Sharing my learnings from the book, Lifespan by David Sinclair & Matthew LaPlante
Lifespan by David Sinclair & Matthew LaPlante
As cells age, they become larger and less capable of reproduction, undergoing changes that eventually result in the loss of cellular identity. For years, scientists have argued about why these changes occur, but popular opinion has coalesced around nine “hallmarks of aging.” But are these hallmarks a cause or a symptom?
In his new book, Lifespan, David Sinclair has proposed a radical new theory of aging, suggesting that the aging hallmarks are symptoms of epigenetic changes that occur over time, but that the original genetic code remains very much intact.
If we can reset the code, can we slow, stop or even reverse aging? Sinclair believes we can.
- we are moving closer to a world in which aging will be optional. A world in which it will be up to us, and not the processes of aging, to determine the limits of our lifespans. Soon, we’ll be able to live healthy lives for far longer.
- Recent breakthroughs in genetics show that aging actually is a disease. Not only that, it’s a disease that’s potentially curable, and eliminating it would add years to our lifespans.
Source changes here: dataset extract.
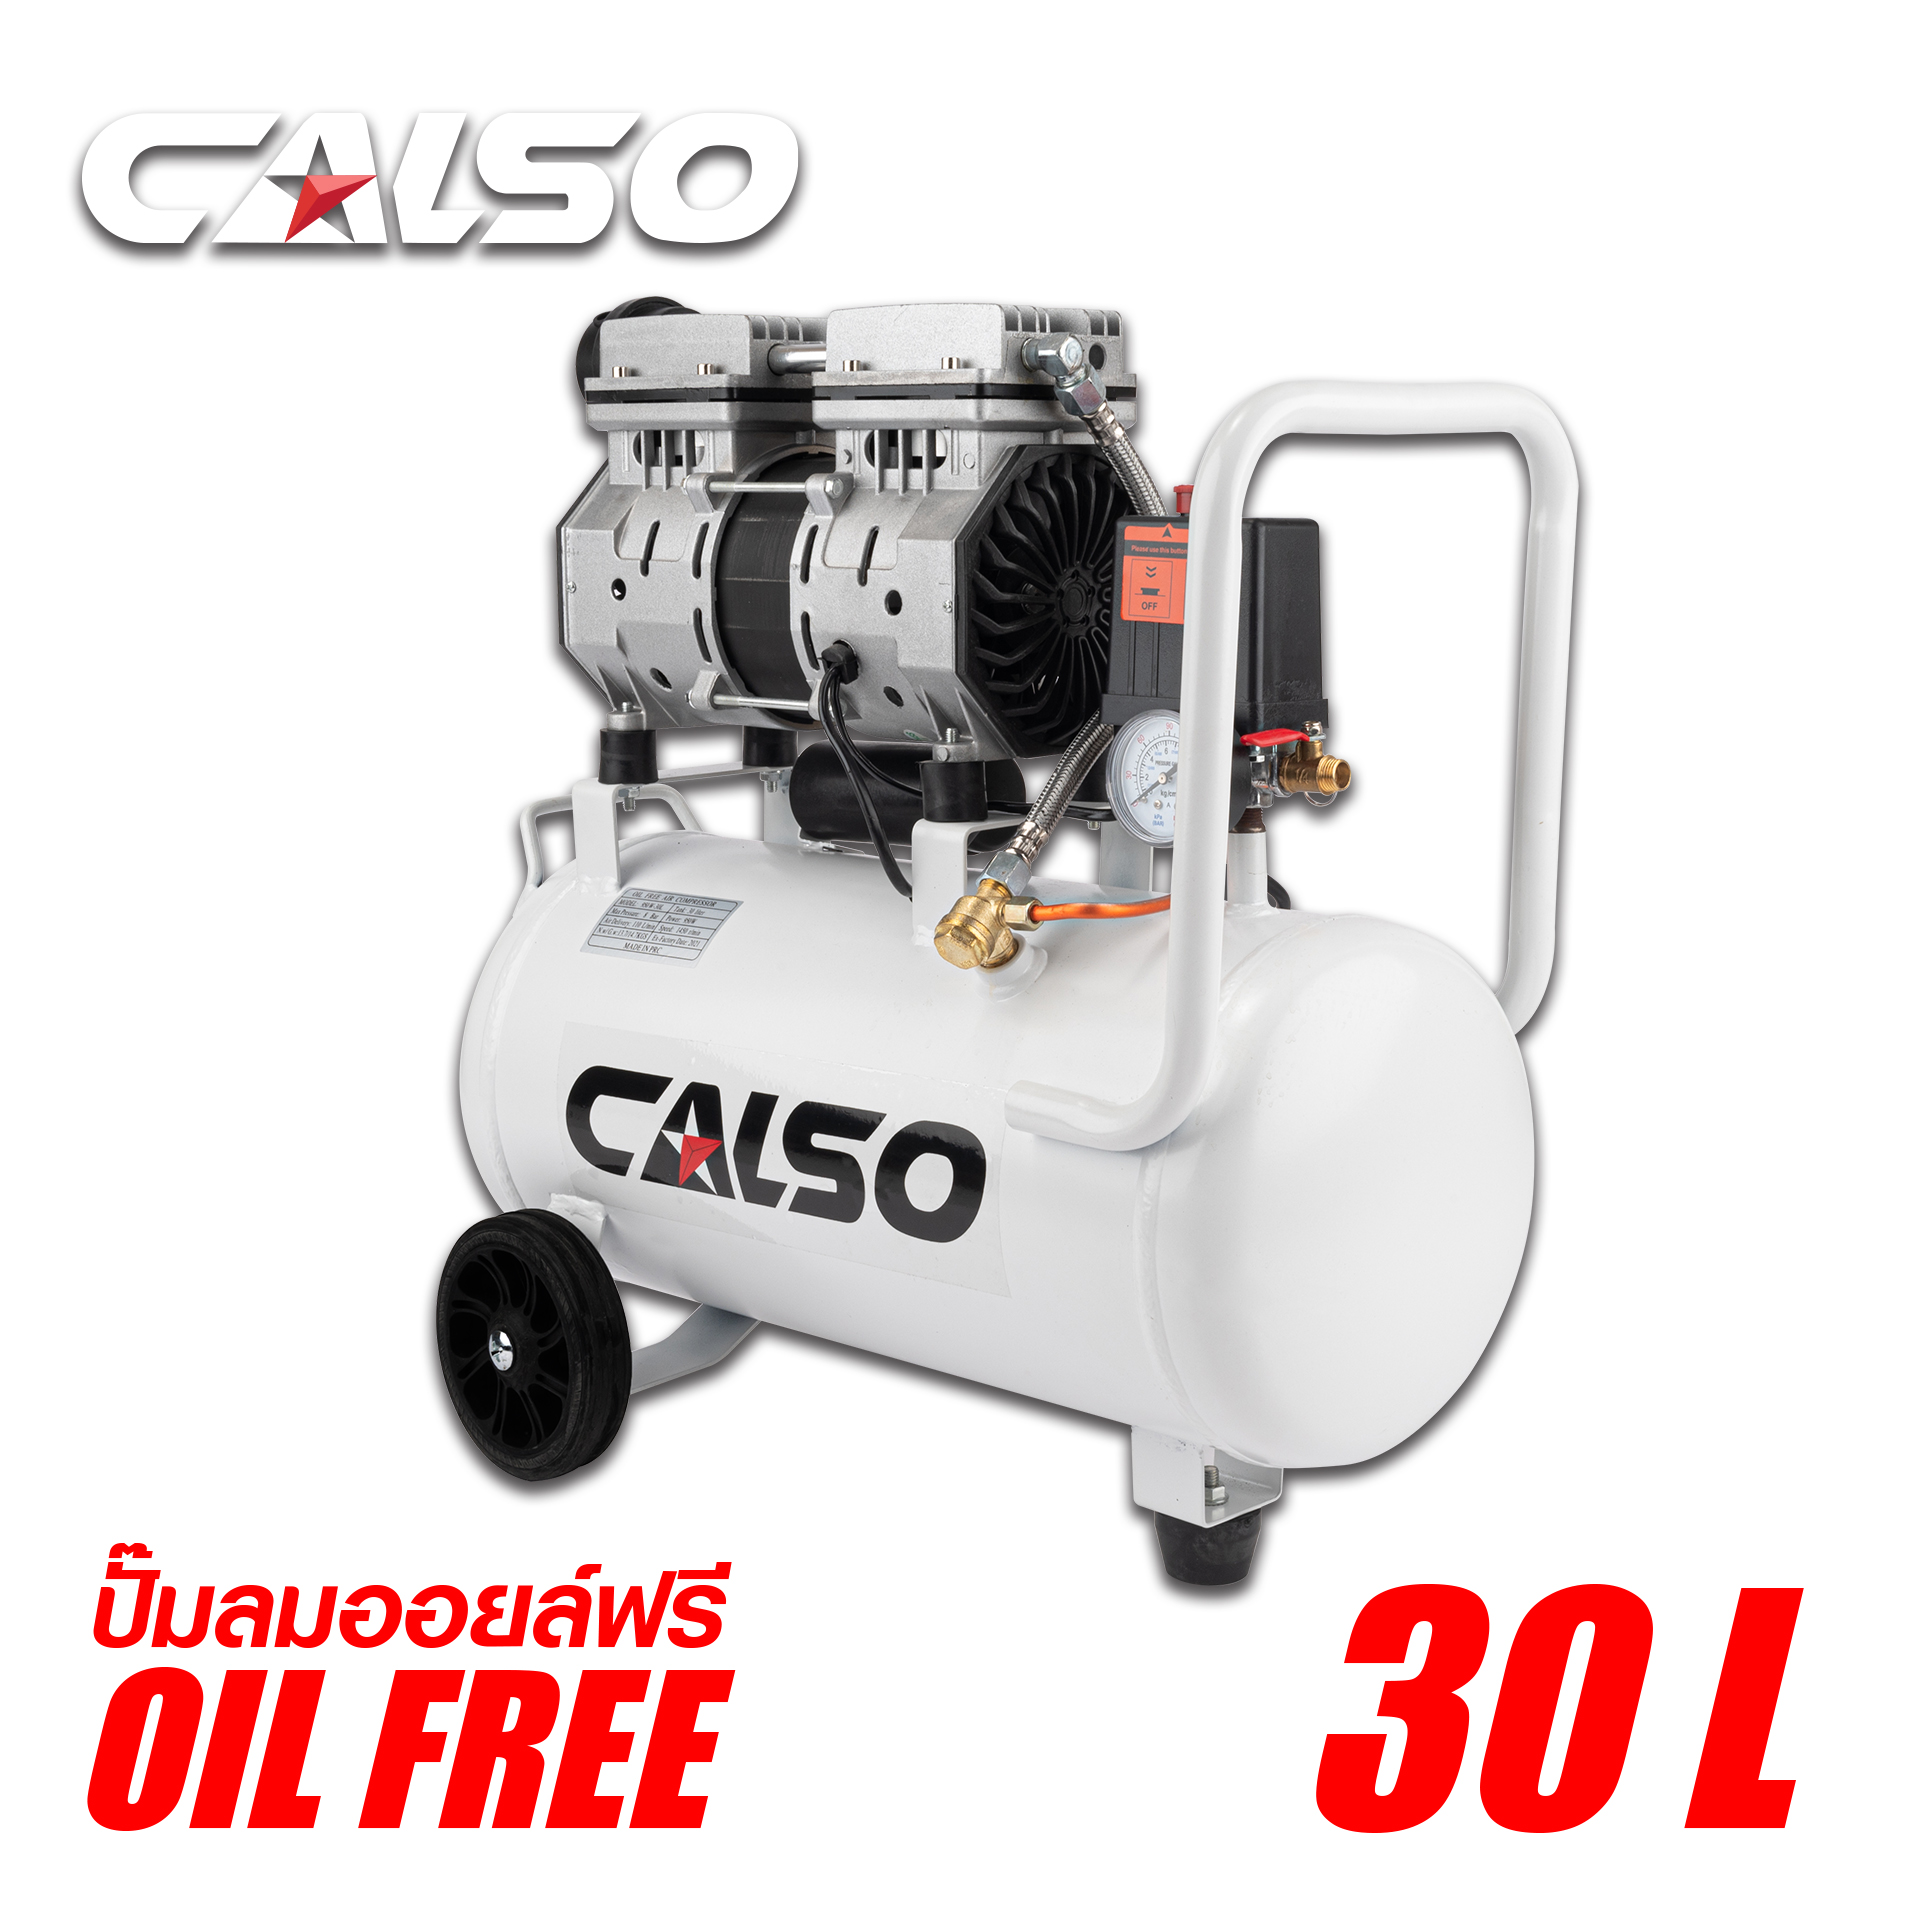 CALSO Air pump ปั๊มลม ปั๊มลมไม่ใช้น้ำมัน เสียงเงียบ รุ่น Oil Free ขนาด 30 ลิตร ปั้มลมชนิดขับตรง  บำรุงรักษาง่าย ลดค่าใช้จ่ายเรื่องน้ำมันหล่อลื่น

Without the symptoms of aging to deal with, the quality of our newly extended lives would be improved immensely.
- The freshwater polyp Hydra vulgaris – a small water-dwelling organism – has long fascinated geneticists. Why? It’s evolved to resist biological senescence. This is the slow deterioration of function that occurs when cells that have stopped dividing accumulate in an organism. It’s also, essentially, the cause of aging.
- Humans now exhibit a more evolved version of this survival circuit, but its basic function is the same: to repair DNA and prevent the loss of genetic information that causes cells to stop replicating, become senescent and contribute to the aging process. In this sense, we’re hardwired to avoid senescence. So, why aren’t we immortal? The answer to this question lies in that very same survival circuit.
- longevity genes” like sirtuin genes are tremendously important in the fight against aging. The flip side is that when they don’t function correctly, they can also cause aging. That’s because when sirtuins are mobilized to respond to emergencies, they don’t always find their way back to their rightful place inside their cell. They can turn into unregulated agents, switching off genes that should be switched on, and vice versa. When sirtuins go rogue, they contribute to the loss of cellular information that causes aging.
- Thanks to the Information Theory of Aging, researchers are not only grasping the root cause of aging. They’re also coming closer to developing an effective cure
- You can help your longevity genes fight aging.
- Plant-based proteins deliver just enough amino acids to maintain healthy bodily functions while still keeping the body in a state of desirable stress: cells are under enough stress that the survival instinct to repair and preserve DNA stays active without reaching a state of emergency where overall health and function is compromised.
- fasting is another simple way to create the desirable stress that mobilizes the longevity genes without sending them into overdrive.
- A cure for aging may be closer than we think.
- One potential cure has its origins in Rapa Nui, the island off the coast of Chile, more commonly known in the West as Easter Island. In the 1960s, a team of scientists discovered a new type of bacteria in the soil under one of the island’s famous head statues. It was found to contain an antifungal compound which was subsequently named rapamycin. Initially used as an immune suppressor that prevented the bodies of organ-transplant recipients from rejecting their new organs, rapamycin has since been discovered to have life-extending potential.
- there’s another anti-aging wonder drug that’s already being prescribed, albeit as a treatment for diabetes rather than an antidote for aging. It’s called metformin, and it’s derived from goat’s rue, a type of wildflower. Studies have found that metformin activates AMPK, an enzyme which in turn restores mitochondrial activity. The mitochondria are tiny organelles in the cell that transform nutrients into energy.
- In the meantime, researchers are also waging war against aging on a different front – by targeting senescent cells, or as they’re also known; zombie cells. What’s the solution to this plague of zombie cells? It’s complicated. We need to terminate the senescent cells without damaging the remainder of our delicate cellular ecosystems. Senolytics, an emergent class of pharmaceuticals, might be up to the task.
- There is an aging reset button! Thanks to experiments in cloning, we now also know that not only is this original information locked somewhere inside our DNA, it can also potentially be unlocked. Japanese scientist Shinya Yamanaka may have already discovered the key. Yamanaka has isolated four genes that can be induced to transform into pluripotent stem cells, or young cells that haven’t yet been assigned a function by the epigenome. These four genes, now known as Yamanaka factors, can be reset to perform any function in the body – and researchers at Harvard say they’ve already seen promising results from reprogramming Yamanaka genes in mice.
- Of the 100 billion humans who have at one time lived on our planet, only one is recorded to have lived past the age of 120 – Jeanne Calment of France. So while Jeanne Calment is regarded as an outlier today, it may soon be commonplace for humans to survive to 122 and beyond.